Q: What are the differences between UK, US and EU laws when drafting a preliminary agreement?

Asked by Mary on October 9th 2022.
A: The differences between UK, US and EU laws when drafting a preliminary agreement can be significant in some areas such as dispute resolution procedures or governing law and jurisdiction. In most cases, both parties must consider their respective national laws when drafting an international preliminary agreement (i.e., one between two countries), as well as any applicable EU laws which may be relevant depending on their situation.

Q: Are there any industry-specific considerations I need to take into account when drafting a preliminary agreement?

Asked by David on November 28th 2022.
A: Yes, depending on your industry and sector there may be specific considerations you will need to take into account when drafting a preliminary agreement. For example, in the software industry you may need to include specific language regarding intellectual property rights or licensing terms. Similarly, in the B2B space you may need to include provisions related to data privacy or other commercial relationships between business partners.

Q: Are there any standard clauses I should include in my preliminary agreement?

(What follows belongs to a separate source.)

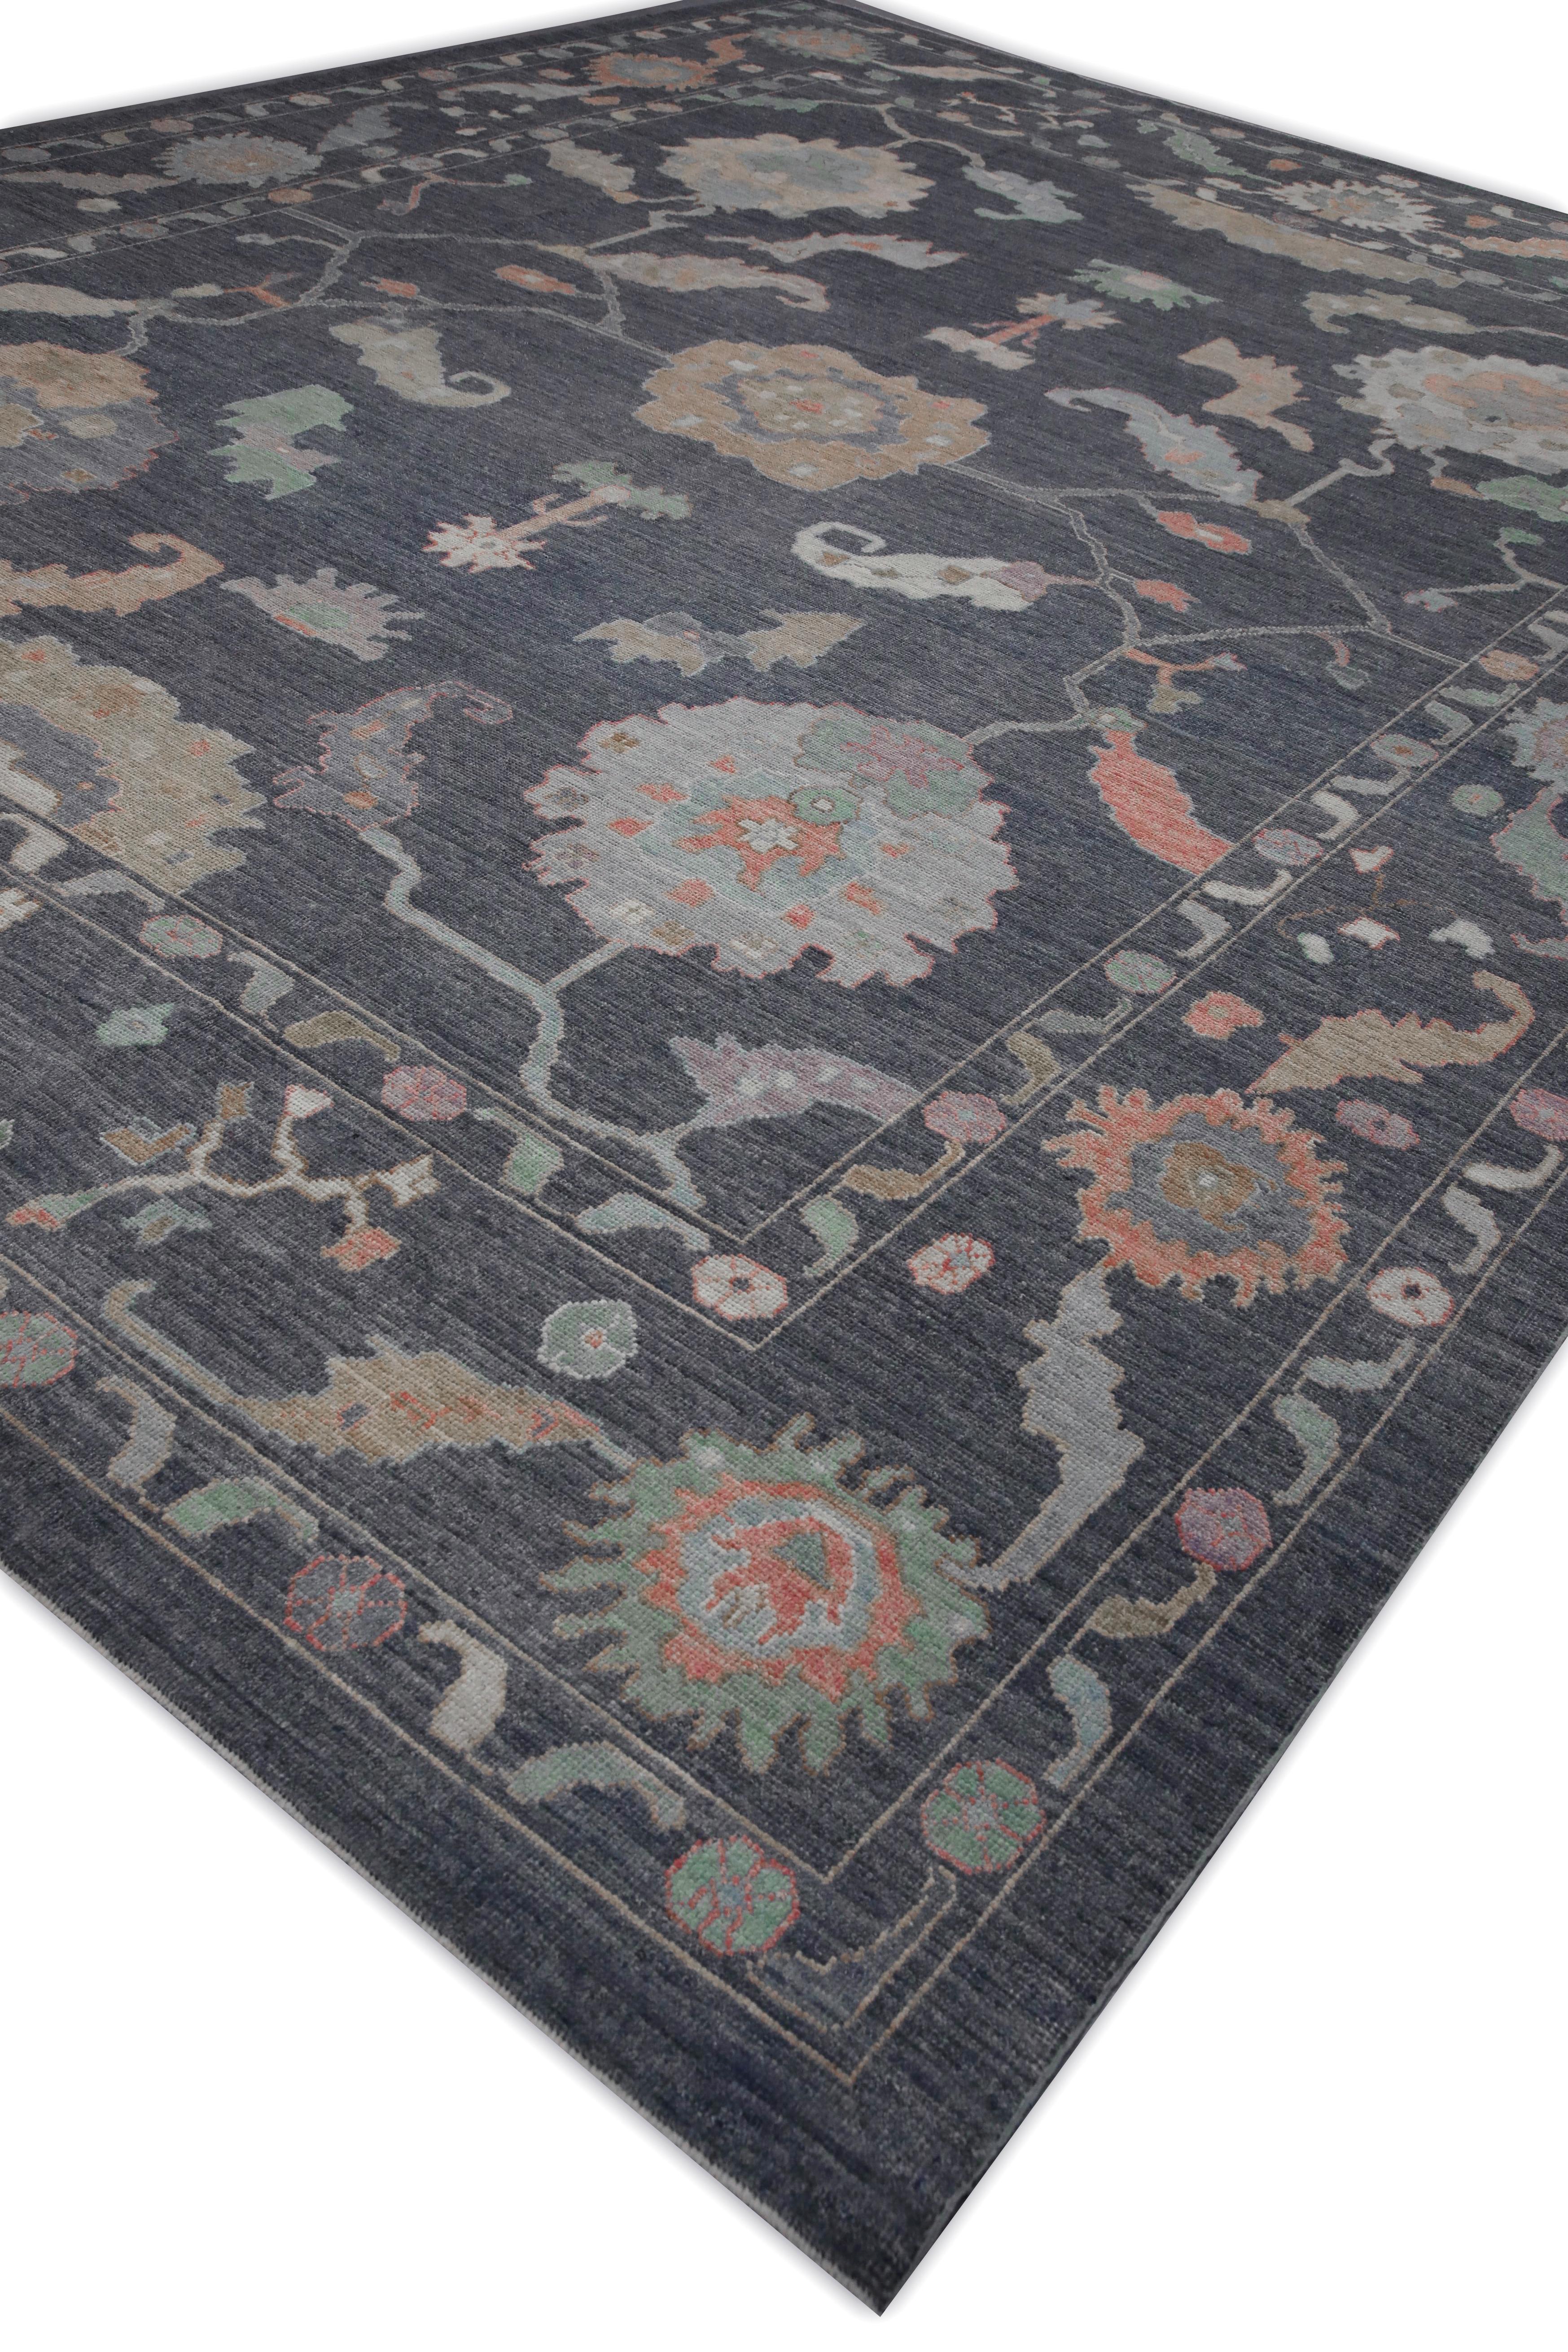 Contemporary Charcoal Colorful Floral Design Handwoven Wool Turkish Oushak Rug 12' X 15'

Asked by Jessica on August 22nd 2022.
A: Yes, there are certain standard clauses which should be included in all preliminary agreements regardless of industry or sector. These include clauses such as a statement that parties are not yet legally bound by the terms of the agreement until a formal contract is drafted and signed; dispute resolution procedures; governing law; jurisdiction; governing language; etc., all of which should be tailored to meet your particular needs and circumstances.

Q: Are there any additional documents I will need when drafting a preliminary agreement?

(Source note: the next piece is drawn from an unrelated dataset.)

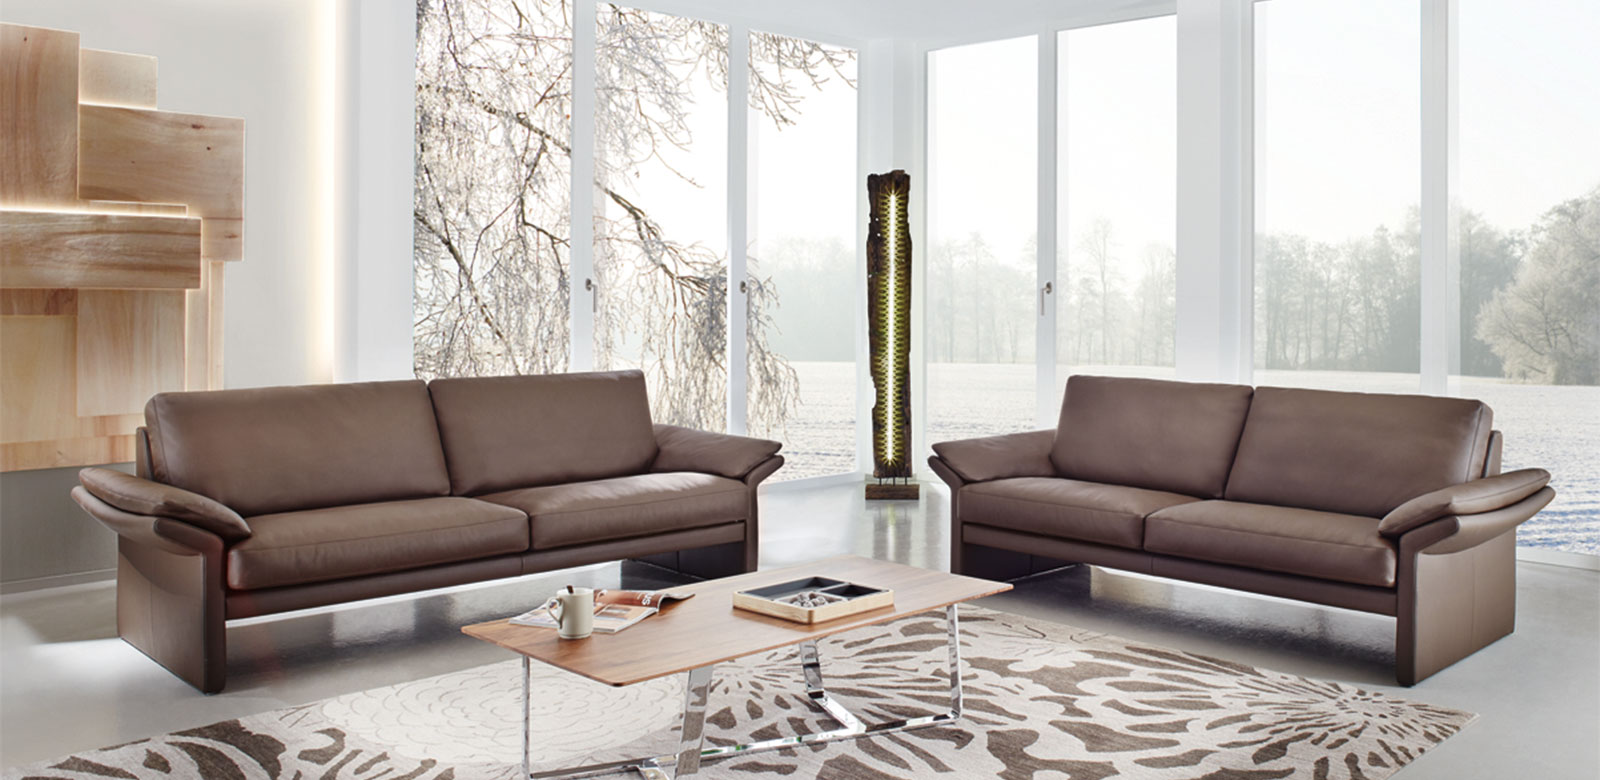 Two CL910 Sofas in brown leather in modern living room and terrace facing the forest

Asked by Matthew on January 14th 2022.
A: Depending on your particular situation and needs you may need additional documents when drafting a preliminary agreement such as non-disclosure agreements (NDAs), warranties or indemnity clauses, etc. It is important to ensure that all necessary documents are included in order for your preliminary agreement to be valid and enforceable under applicable law.

Q: Is an electronic signature sufficient for my preliminary agreement?

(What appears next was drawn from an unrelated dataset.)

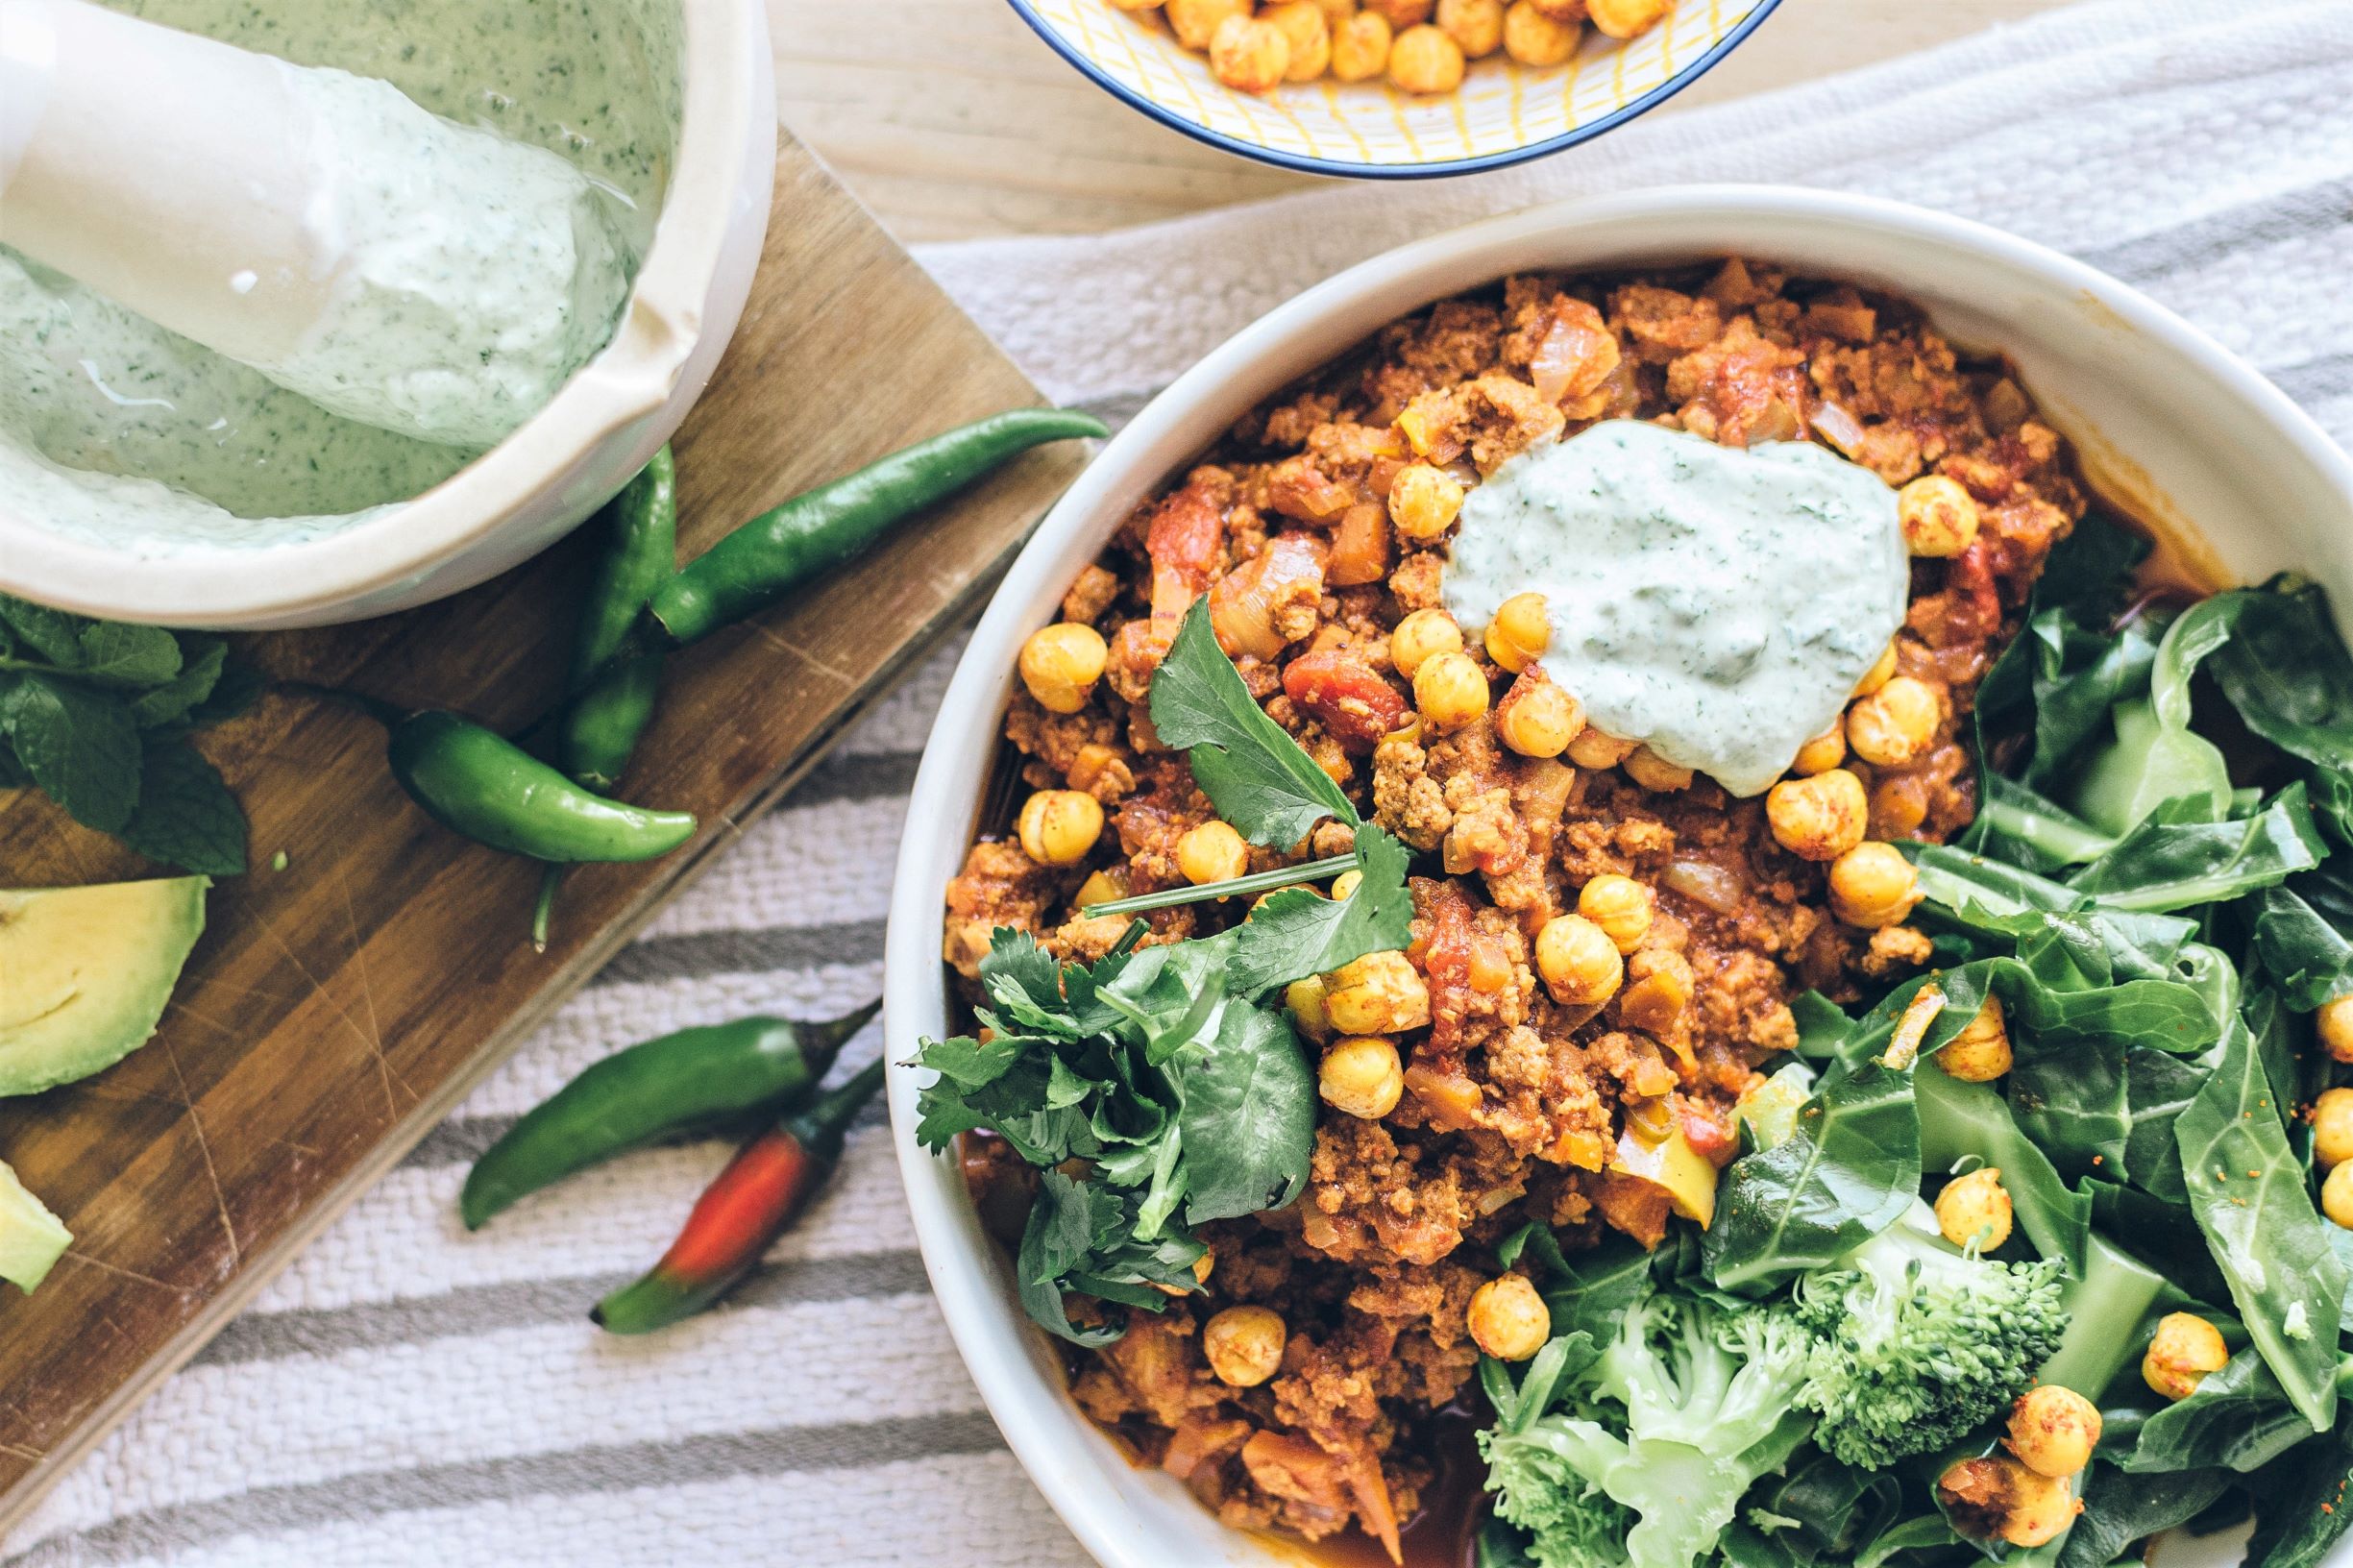 Grain bowl with chickpeas and protein.

Asked by Sarah on March 16th 2022.
A: Yes, electronic signatures are generally accepted as sufficient for most types of contractual agreements including preliminary agreements in most jurisdictions including UK, US, EU etc., provided certain legal requirements are met (e.g., that the signature is reliable). It is recommended that you consult with an experienced lawyer prior to using electronic signatures for legal purposes in order to ensure that your signature will be legally binding under applicable law.

Q: Do I need different versions of my preliminary agreement for different jurisdictions?

Asked by Michael on July 5th 2022.
A: Depending on where you are based and where your counterparties are based you may need different versions of your preliminary agreement in order to make sure they are compliant with relevant local laws (e.g., US vs UK vs EU). It is recommended that you consult with an experienced lawyer prior to signing an international contract in order to ensure that all versions comply with applicable law in each jurisdiction where parties are based or have operations/business interests.

Example dispute

Suing a Company Based on an Unfulfilled Preliminary Agreement

  • The plaintiff may claim that the company failed to fulfill the terms of the preliminary agreement.
  • The plaintiff can use the agreement as evidence that the company is legally obligated to provide what was promised.
  • The plaintiff may provide relevant documentation such as emails, text messages, or other communications to prove the agreement and its terms.
  • The plaintiff may also provide evidence of the company’s breach of the agreement, such as failing to meet deadlines or provide promised goods or services.
  • The plaintiff may seek damages or other forms of restitution, such as restitution for any losses suffered as a result of the breach.
  • The plaintiff may also request that the court order the company to fulfill the terms of the agreement.
  • The court may also order the company to pay any legal costs associated with the case.